Книга 2
Шрифт:
Потом были другие разы, были и другие, совсем девчонки. Их заволакивали в тир насильно, они отдавались из-за боязни и потом плакали, и Кольке было их жалко.
Когда стал он постарше, появились у него женщины и на несколько дней и дольше, был у него даже роман с администраторшей кинотеатра, где он работал. Администраторша была старше его лет на десять, крашеная яркая такая блондинка. Николаю она казалась самым верхом совершенства красоты и, когда она оставила его, презрев ради какого-то циркача, гонщика по вертикальной стене, он чуть было с собой не кончил, Колька. А он мог.
Эти и другие истории вспоминались и мелькали в глазах его, когда отдыхал в бараке на нарах в старом непереоборудованном лагере под Карагандой. Эти и другие, но чаще всего всплывало перед ним красивое Тамаркино лицо, всегда загорелое, как в тот год, после лета, когда у них все случилось. Он и подумать никогда не мог, что будет вспоминать и тосковать о ней, даже рассмеялся бы если бы кто-то предсказал подобное. Но у всех его друзей и недругов вокруг были свои, которые, как все друзья и подруги надеялись, ждали их дома. Была это всеобщая и тоскливая необходимость верить в это - самое, пожалуй, главное во всей этой пародии - на жизнь, на труд, на отдых, на суд.
И глубокое Колькино подсознание - само выбросило на поверхность прекрасный Тамаркин образ и предьявляло его каждую ночь усталому Колькиному мозгу, как визитную карточку, как ордер на арест, как очко - 678-8. И Колька свыкся и смирился с образом этим назойливым и даже не мог больше без него, и если б кто-нибудь теперь посмеялся бы над этими сантиментами, Колька бы прибил его в ту же минуту. И лежал он с зарытыми глазами и стонал от тоски и бессилия. Но ни разу не написал даже, ни разу не просил никого ничего передавать, хотя все, кто освобождался раньше, предлагали свои услуги.
– Давай, Коллега, письмо отвезу, - Кольку уважали в лагере за неугомонность и веселье, - чего мучаешься? Писем не ждешь и не получаешь! Помрешь так!
– Ничего, - ответил он, - приеду - разберемся.

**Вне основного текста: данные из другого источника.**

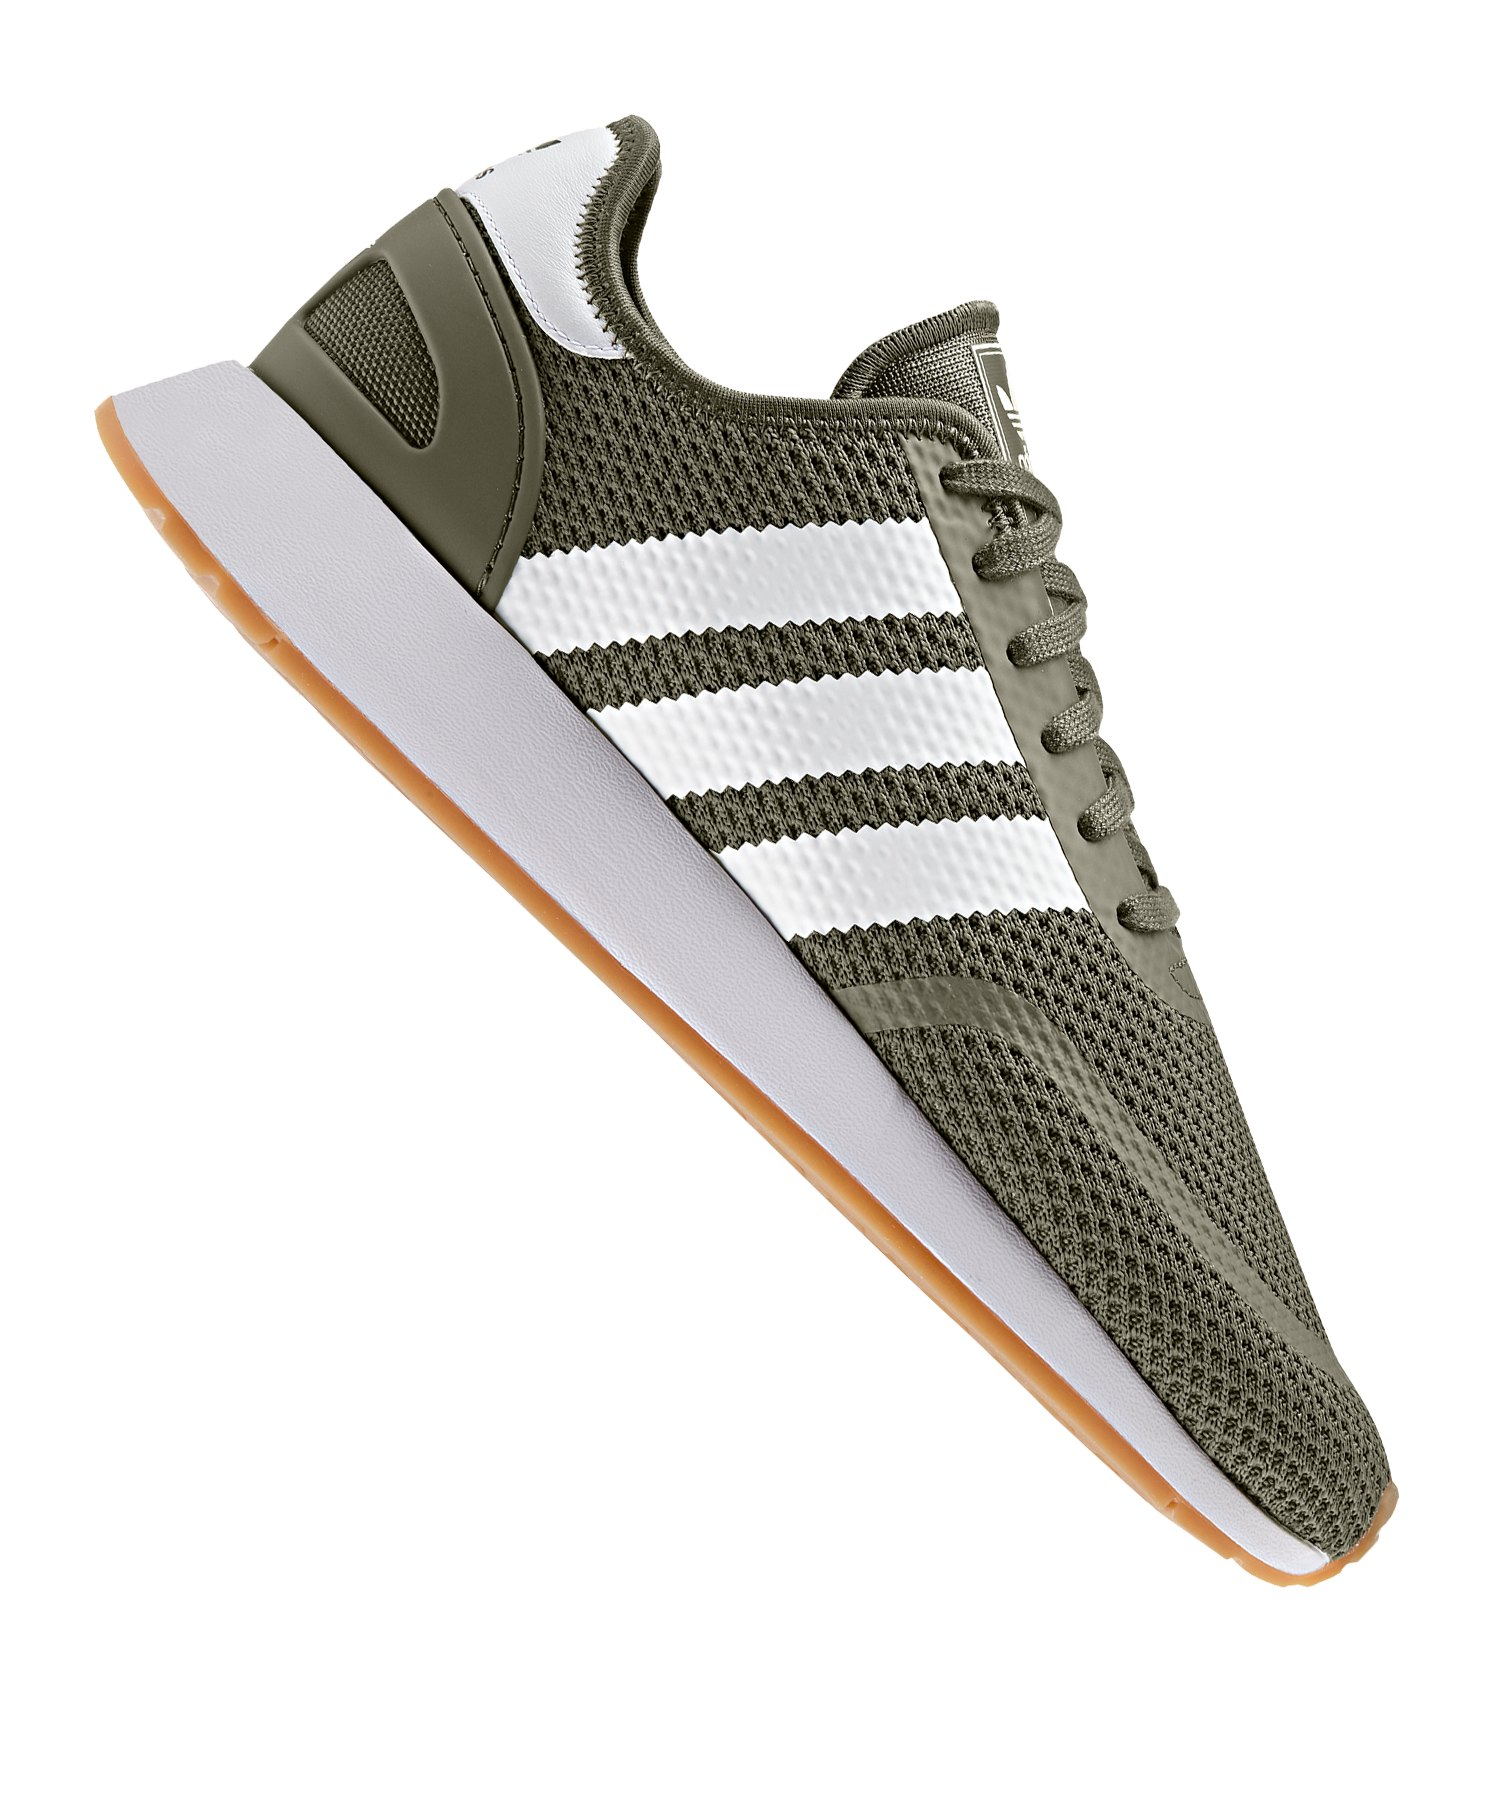 üppiges Design einzigartiger Stil schnelle Farbe adidas Originals N-5923 Sneaker Grün Weiss

– Писем он и вправду не получал и даже сестрам запретил настрого писать, а дружки и не знали, где он, да и Тамара тоже.
А сейчас сидит он в ее доме и не спрашивает у отца ее, из самолюбия, что-ли, ничего о ней. Пьет с ним, с Максимом Григорьевичем, да перекидывается не значащими ничего фразами и напевает:
– Что вы там пьете? Мы почти не пьем.
Здесь снег да снег при солнечной погоде!
Ребята, напишите обо всем,
А то здесь ничего не происходит,
– пел Николай тихим севшим голосом, почти речитативом, напевая нехитрую мелодию:
– Мне очень не хватает вас,
Хочу увидеть милые мне рожи,
Как там Тамарка, с кем она сейчас?
Одна? Тогда пускай напишет тоже.
– Колька нарочно Тамарка, вместо положенного - Надюха.
– Страшней быть может только страшный суд,
Письмо мне будет уцелевшей нитью.
Его, быть может, мне не отдадут,
но, все равно, ребята, напишите.
– закончил Колька просительно и отчаянно, с закрытыми глазами и повибрировал грифом, чтобы продлить звук,
– Ты откуда эту песню знаешь?
– спросила она, когда он открыл глаза и взглянул на нее.
– Это ребята привезли. Какой-то парень есть, Александр Кулешов называется. В лагере бесконвойные большие деньги платили за пленки. Они все заигранные по 100 раз, мы вечерами слова разбирали и переписывали. Все без ума ходят от песен, а начальство во время шмонов, обысков то есть, листочки отбирало. Он вроде где-то сидит, Кулешов этот, или даже убили его. Хотя не знаю. Много про него болтают. Мне человек десять разные истории рассказывали. Но, наверное, все врут. А тебе понравилось?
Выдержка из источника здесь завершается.